If anything seems not quite right, a further inspection is recommended.

Openshift Web Console

An account was needed to access the web console. I had chosen htpasswd as my identity provider. Therefore, the new account was created on master node with: sudo htpasswd /etc/origin/master/htpasswd [username]. Sadly, I couldn’t access the Cluster Console. I quickly found out it was due to lack of privileges. sudo oc adm policy add-cluster-role-to-user cluster-admin [username] --rolebinding-name=cluster-admins did the trick for me. And I was able to access the Cluster Console, Application Console, and Service Catalog from menu on the top left corner of the web console.

Usage

Cluster Console: monitor cluster status and events, check on all nodes, define and change all configurations, user management, read container logs, access a running container, show cluster resource with Grafana

Application Console: change the number of replicas easily

Application Deployment

There wasn’t any big issue deploying our Domjudge system. But for writing the configuration files, I think the documentation and examples aren’t enough on the Internet. Sometimes, I would also check out Kubernetes examples as references.

Here are some essential components the cluster administrator needs to know:

Component Explanation Example
Image Stream internal registry, similar to an internal Docker Hub save an image from Docker Hub to Image Stream A for later use
Build Config build an image from one Image Stream and output to another build more layers to the image from Image Stream A and output to Image Stream B
Deploy Config defines how to run the application, what scale it needs run 10 replicas of an image form Image Stream B with the label app=hi
Service make the running app available inside or outside the cluster select pods whose label are app=hi and advertise them at 172.30.123.123(internal), 192.168.123.123(external), and 123.123.123.123(external)

Running Privileged Applications

The domjudge system needs elevated privileges to work. While my account was bound to the cluster admins, the app must have an privileged Service Account to execute it to gain privileged access.

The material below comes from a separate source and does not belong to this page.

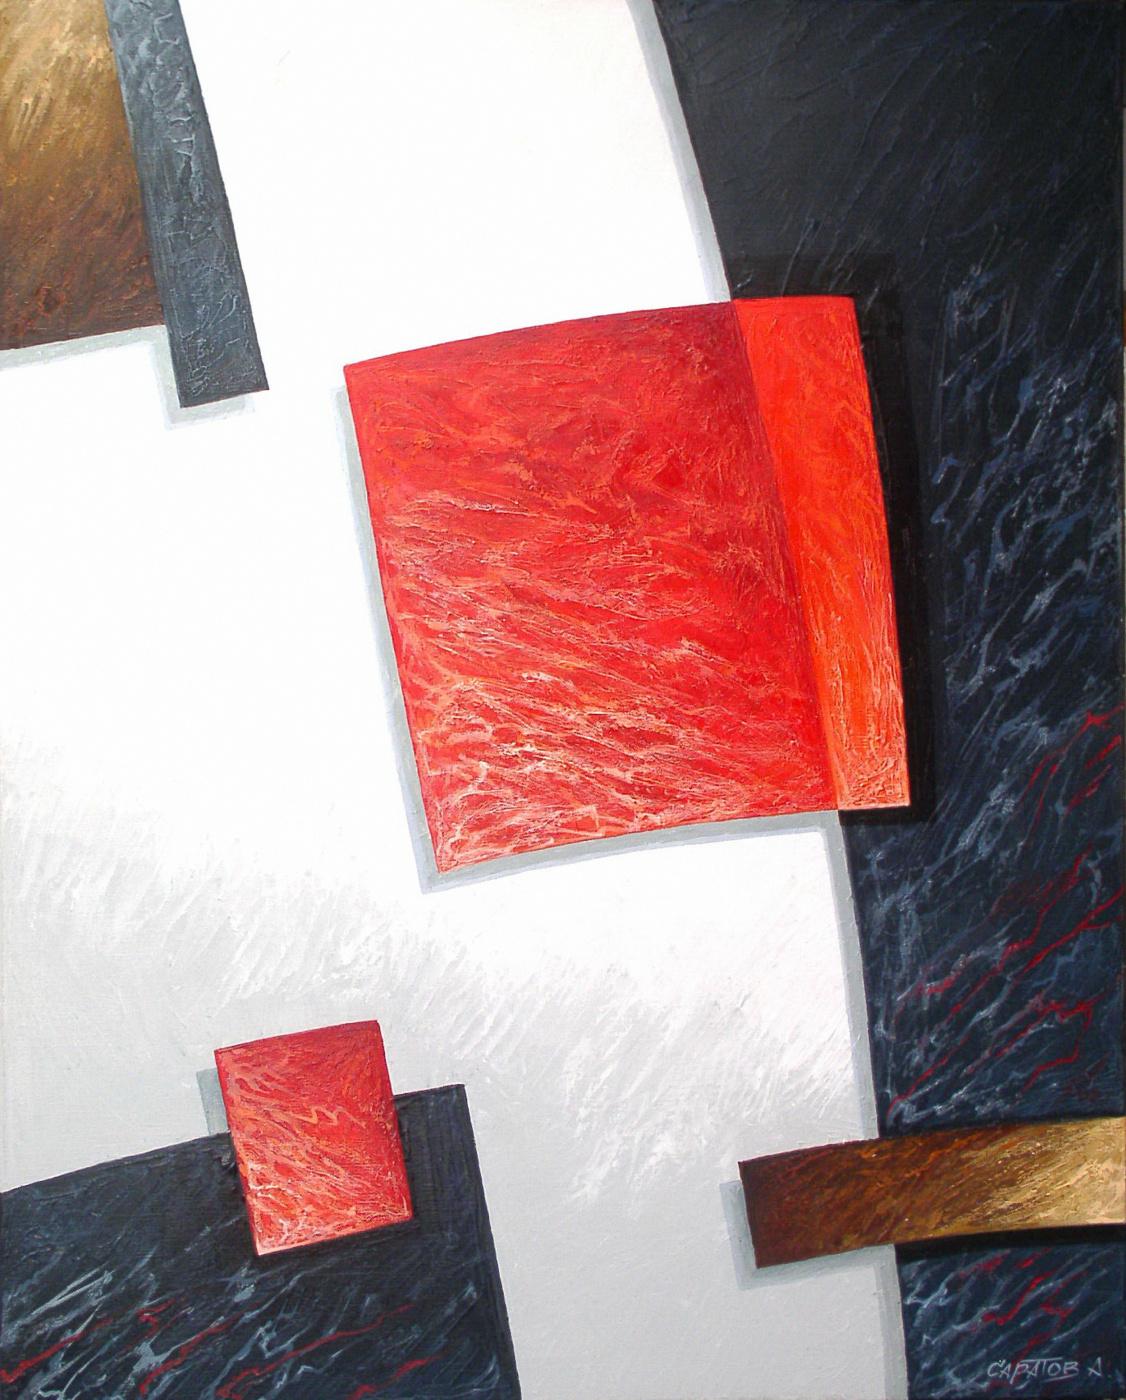 Andrei Ivanovich Saratov. Composition with red square

  1. Create an Service Account: sudo oc create [name] -n [namespace]
  2. Give the Service Account privileges: sudo oc adm policy add-scc-to-user privileged -z [name] -n [namespace]
  3. Associate the app to this particular service account by specifying in the app’s Deployment Config(line 31 ~ 34):
 1
 2
 3
 4
 5
 6
 7
 8
 9
10
11
12
13
14
15
16
17
18
19
20
21
22
23
24
25
26
27
28
29
30
31
32
33
34
35
36
37
38
39
40
41
42
43
44
45
46
47
48
49
apiVersion: apps.openshift.io/v1
kind: DeploymentConfig
metadata:
  name: pod_name
  namespace: project_name
spec:
  selector:
    app: app_label
  replicas: 1
  template:
    metadata:
      labels:
        app: app_label
    spec:
      containers:
        - args:
          - --arg_name=arg_value
          env:
          - name: env_name
            value: env_value
          image: ' '
          imagePullPolicy: Always
          name: container_name
          resources:
              requests:
                  cpu: 1500m
                  memory: 2000Mi
              limits:
                  cpu: 2
                  memory: 3Gi
          securityContext:
            privileged: true
      serviceAccountName: service_account_name
      serviceAccount: service_account_name
  triggers:
    - type: "ConfigChange"
    - type: "ImageChange"
      imageChangeParams:
        automatic: true
        containerNames:
          - container_name
        from:
          kind: "ImageStreamTag"
          name: "image_stream_name:version"
  strategy:
    type: "Recreate"
  revisionHistoryLimit: 2
  minReadySeconds: 0
 

Setting up Persistent Volume

The Domjudge system requires a database.

The easiest solution is using Host Path. On whatever machine the pod is running, it will use the host path provided as its storage. I went for this solution because I didn’t have enough time setting up other solutions. I highly recommend one to setup NFS or local volume

To prevent the database pod to respawn on other nodes, I added Nodename: [database node] to its Deployment Config.

Using Openshift

I found the documentation not so newbie-friendly. Explanations and examples seem to be scattered around, especially for the configuration file guides. It was really a struggle to get to know what to write in a configuration file to get the effects I wanted.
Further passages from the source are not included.